▶ **Required action**
Leave the pictures out and repeat the rest of the data below exactly.

▶ **Supplied material**
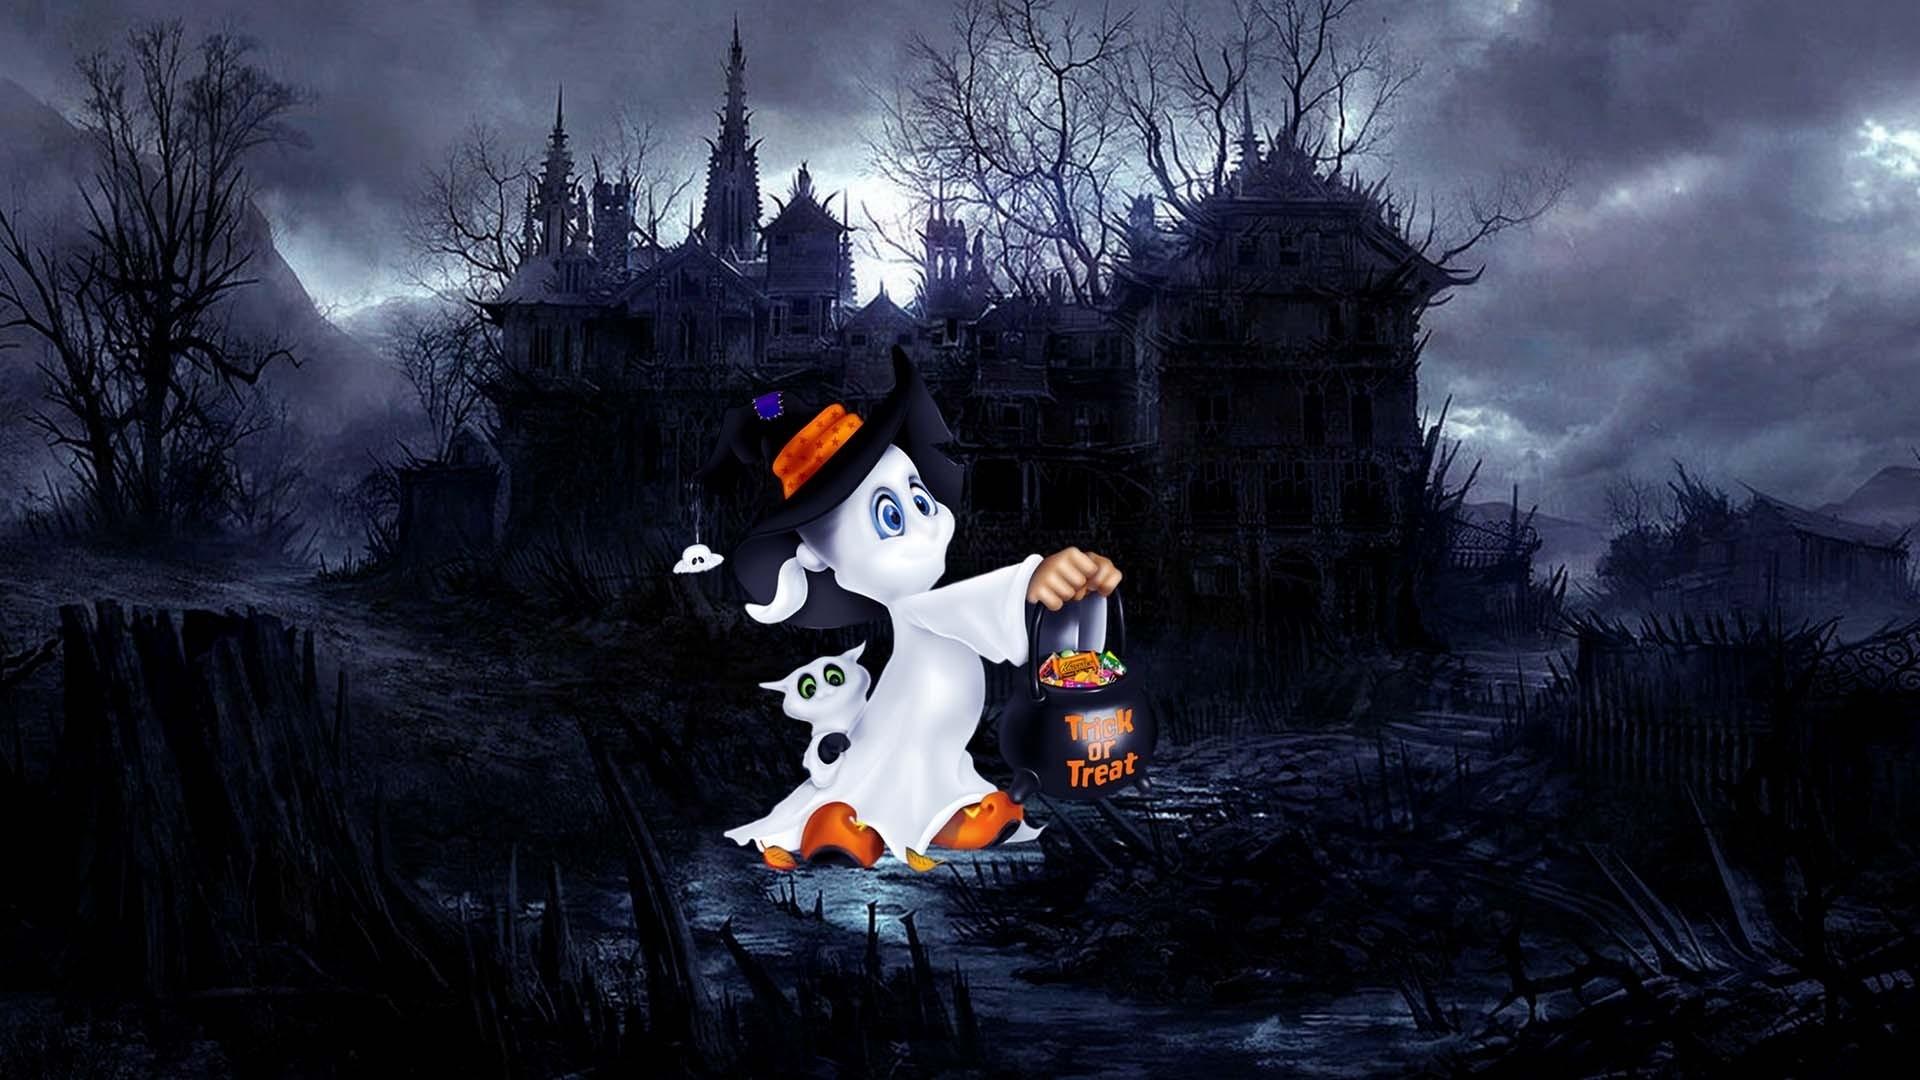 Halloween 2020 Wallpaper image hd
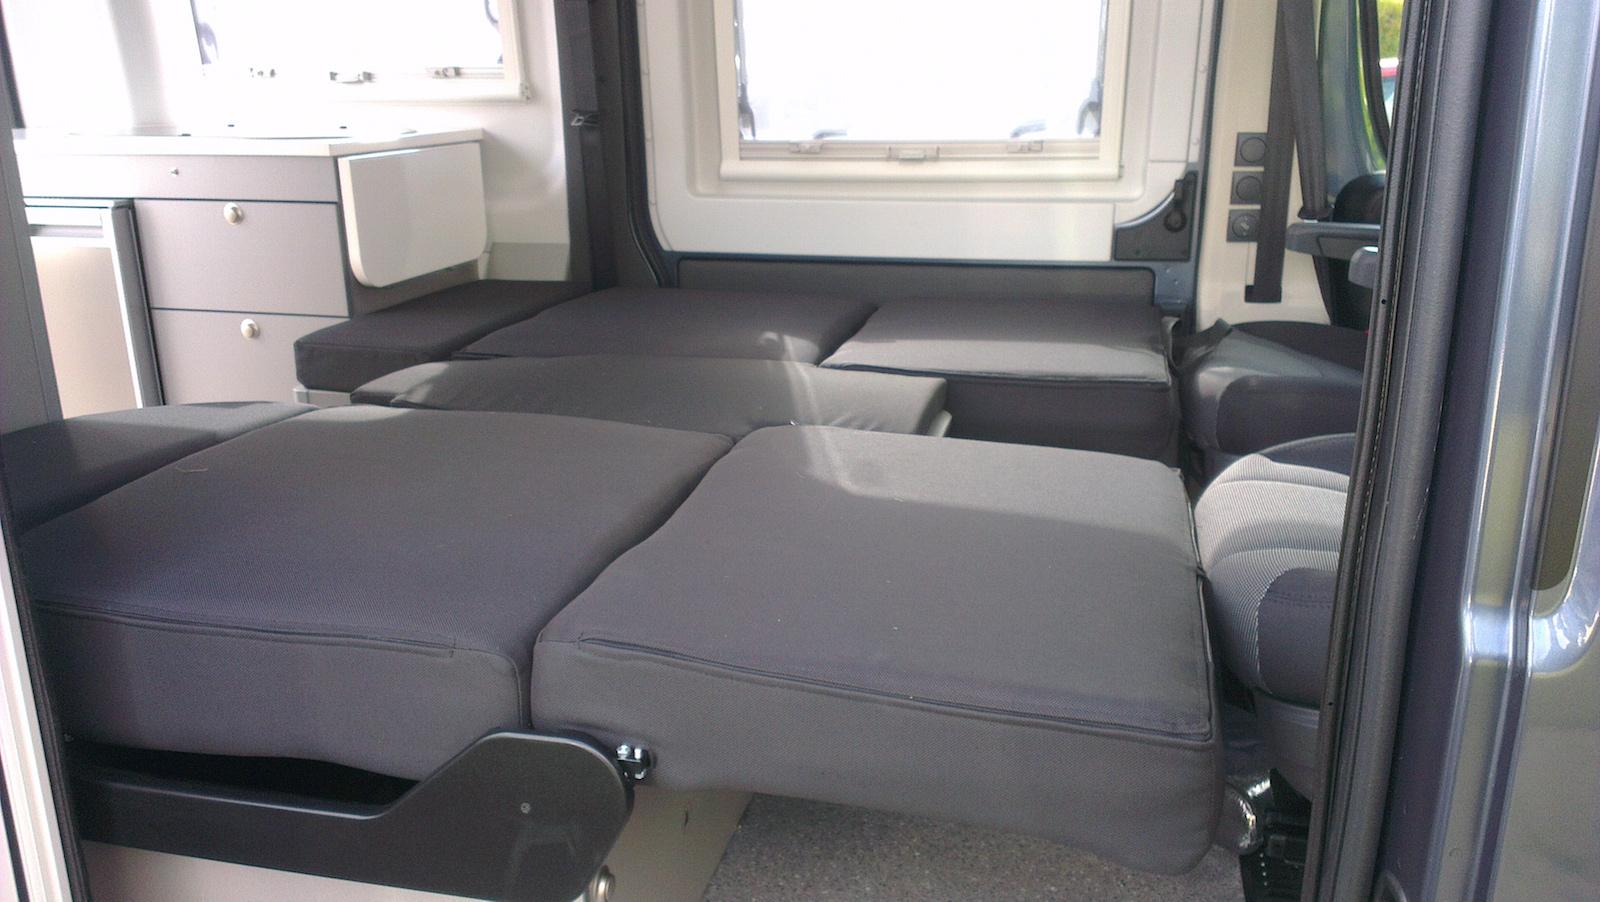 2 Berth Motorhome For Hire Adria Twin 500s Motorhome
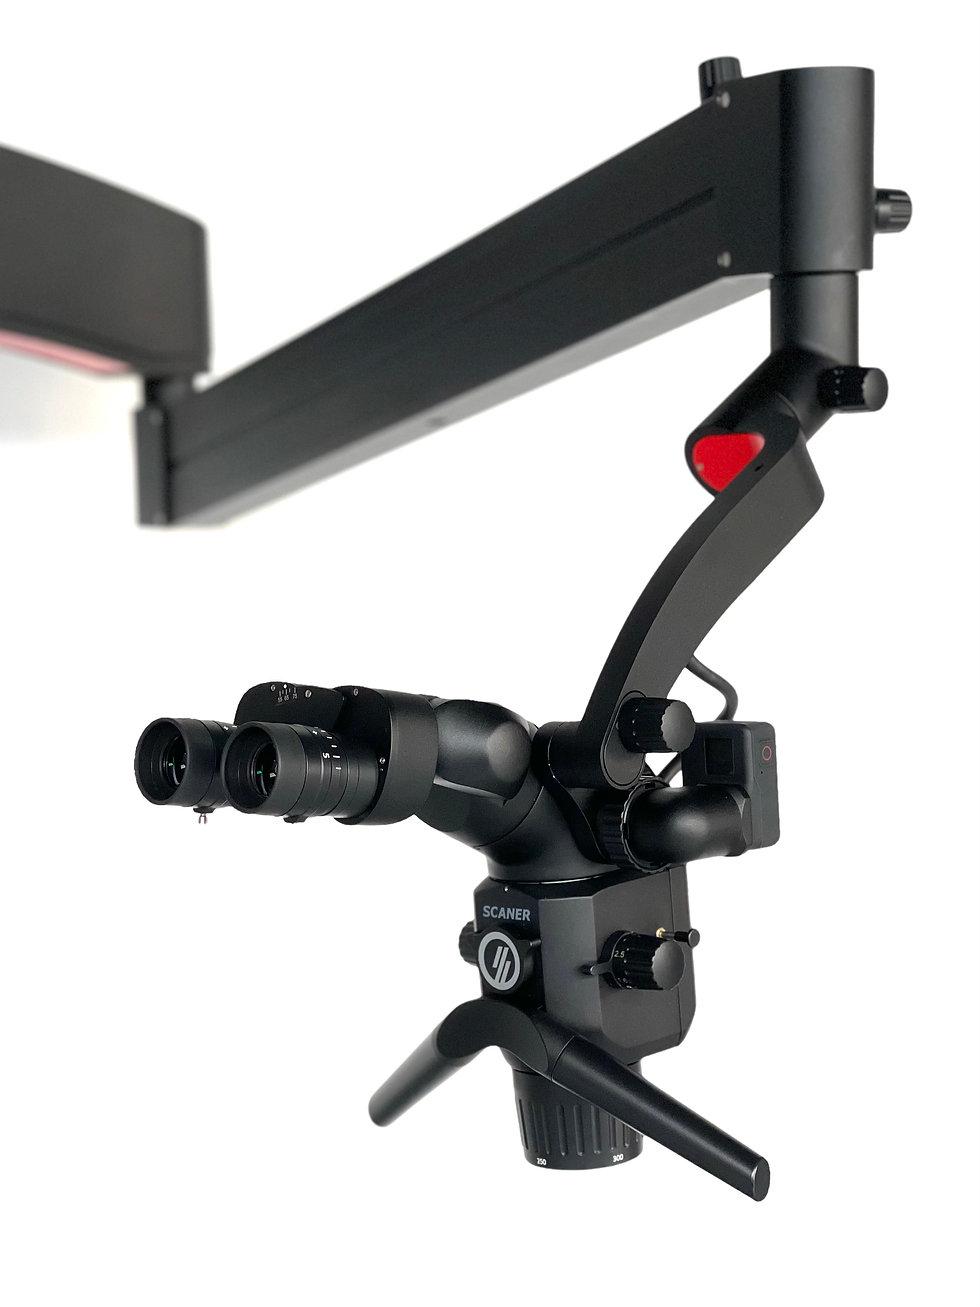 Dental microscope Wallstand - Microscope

▶ **Answer to this exercise**
 Halloween 2020 Wallpaper image hd
 2 Berth Motorhome For Hire Adria Twin 500s Motorhome
 Dental microscope Wallstand - Microscope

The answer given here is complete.